Even my poor kid who was born here is just not accepted. We are always in 'the wrong' somehow. Our son has been in school from tiny kindergarten, but his friends say he 'can't be French, as French people can't speak English as well! He's even had football like chants of 'France pour let francais' he's quite sanguin, as he says it happens continually. I've had enough now. 

I'm scared, because I have just had a life time of ruddy change, and when I came to France I thought that was 'it', happiness would reign, but it didn't. The more I think about it, the more I think Canada, might be able to give us a life more rounded and inclusive. Yes damnit it's important for my self worth that I work too, and that's an imposibility here. 

Yesterday my son watched a group of youths rip the tyres off a truck and set fire to them, with the police Swat team arriving with guns, right in front of his school! I live in a tiny town near Le Mans, not down town Beirut! If I could scrape up my family and bear them off to Canada right now, I would do it immediately. Thank you so much for your reply, it made me realise I'm not totally bonkers all by myself (well, I might be, but it's evidently not such an exclusive club!). 

Thank you also to the kind posters with regard to education. It gave me lots to think about, and I am at presently looking at these options actively - my poor printer was gasping for breath with all the bits I found yesterday.


----------



## shbldr (Nov 5, 2010)

Victoria is a beautiful city and I don't think you would have difficulty finding employment. However I am not sure you would find it very "welcoming" - I live in Vancouver but my Victoria friends say it is very difficult to meet people and develop friendships. Some have lived there for several years and are still considered "outsiders". Now I don't find Vancouver any better, it is also very difficult to develop friendships and all the different ethnic communities tend not to mix - at least not the adults, the children don't seem to have any problems.
Except for the weather don't you think you might be more comfortable in Montreal and/or other French speaking areas?


----------



## pfilby (Apr 16, 2009)

shbldr said:


> Victoria is a beautiful city and I don't think you would have difficulty finding employment. However I am not sure you would find it very "welcoming" - I live in Vancouver but my Victoria friends say it is very difficult to meet people and develop friendships. Some have lived there for several years and are still considered "outsiders". Now I don't find Vancouver any better, it is also very difficult to develop friendships and all the different ethnic communities tend not to mix - at least not the adults, the children don't seem to have any problems.
> Except for the weather don't you think you might be more comfortable in Montreal and/or other French speaking areas?

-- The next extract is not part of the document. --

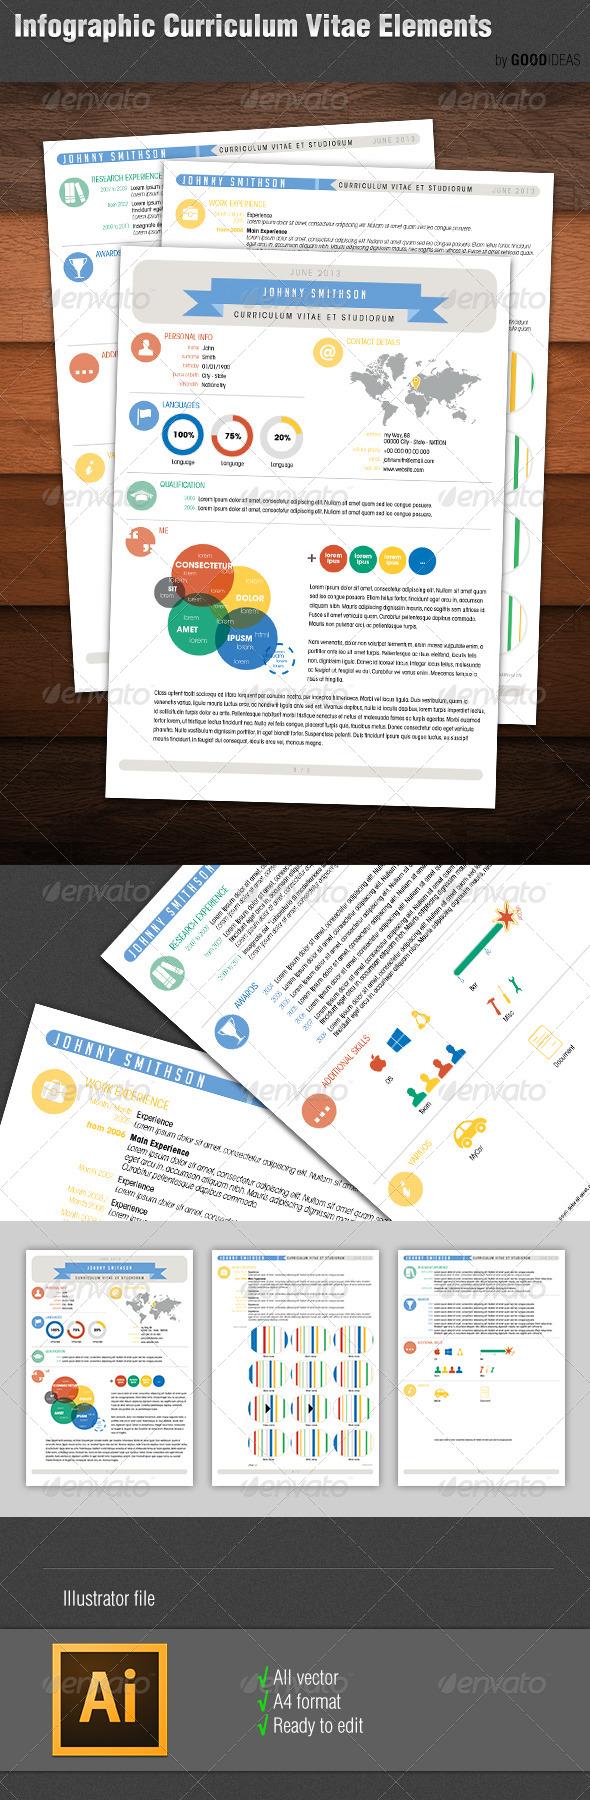 Infographic Curriculum Vitae Resume Elements - http://graphicriver.net/item/infographic-curriculum-vitae-resume-elements/5238032?WT.ac=search_thumb&WT.z_author=GoodIdeas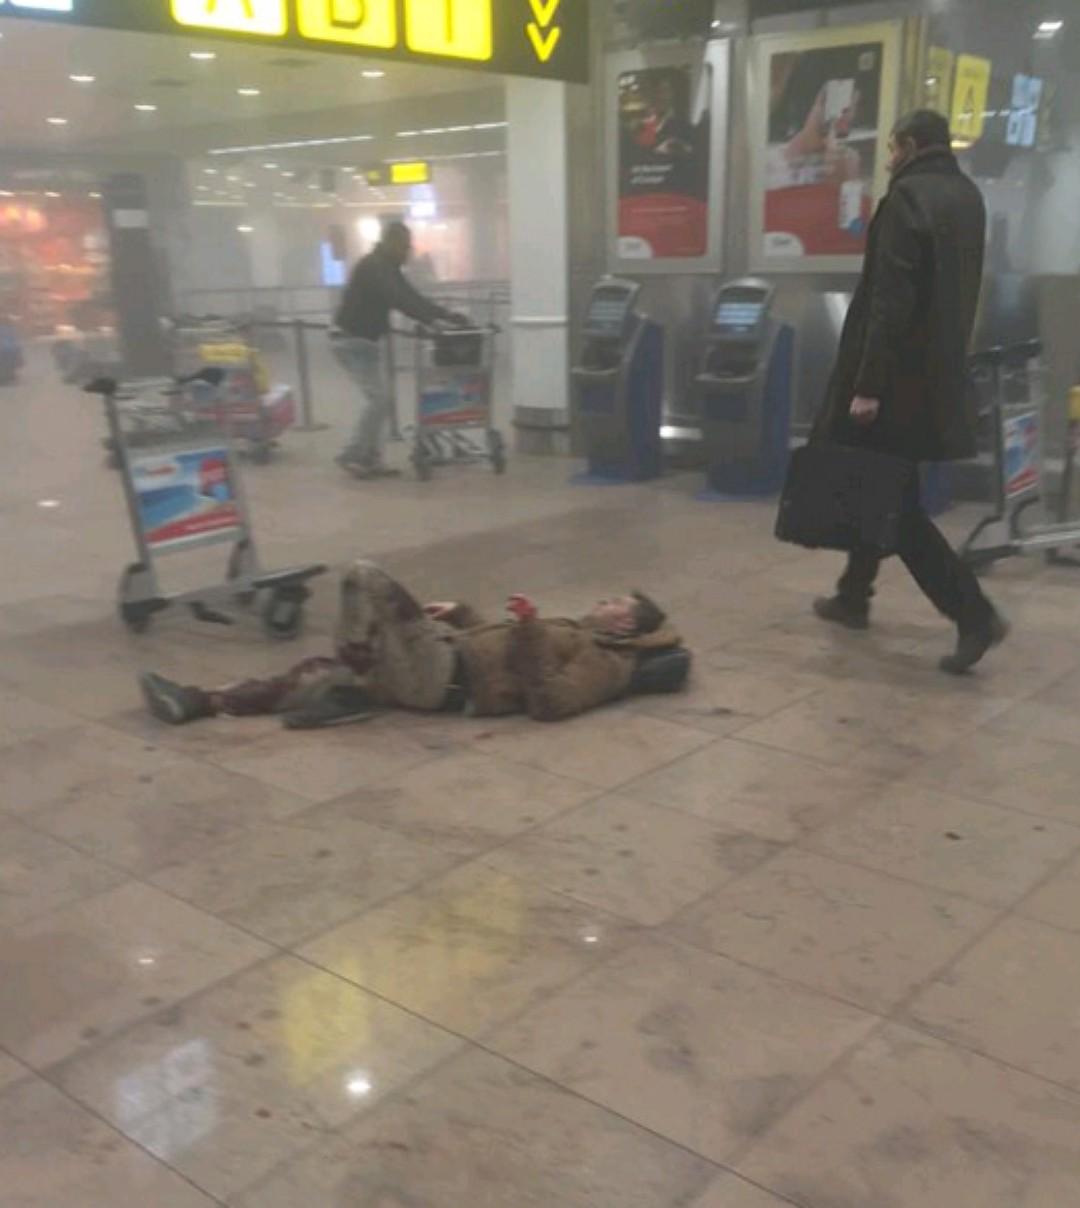 ФОТО, ВИДЕО: Взрывы в аэропорту Брюсселя: 17 погибших

Thank you so much for your kind reply. Yes, we have done a lot of soul searching, and have received some very good advice. I think we have more or less determined that our future may lie in New Brunswick. It would be a new start for All the family, not just for me and my son. My husband had never lived there, or even visited, and so this may be perfect for all of us. We are hoping to make a 'tour of discovery' in May next year, so that we could look at schools and things too, prior to moving in Summer 2012. We may of course hate it and have to go back to the drawing board, but I'm keeping my fingers crossed.


----------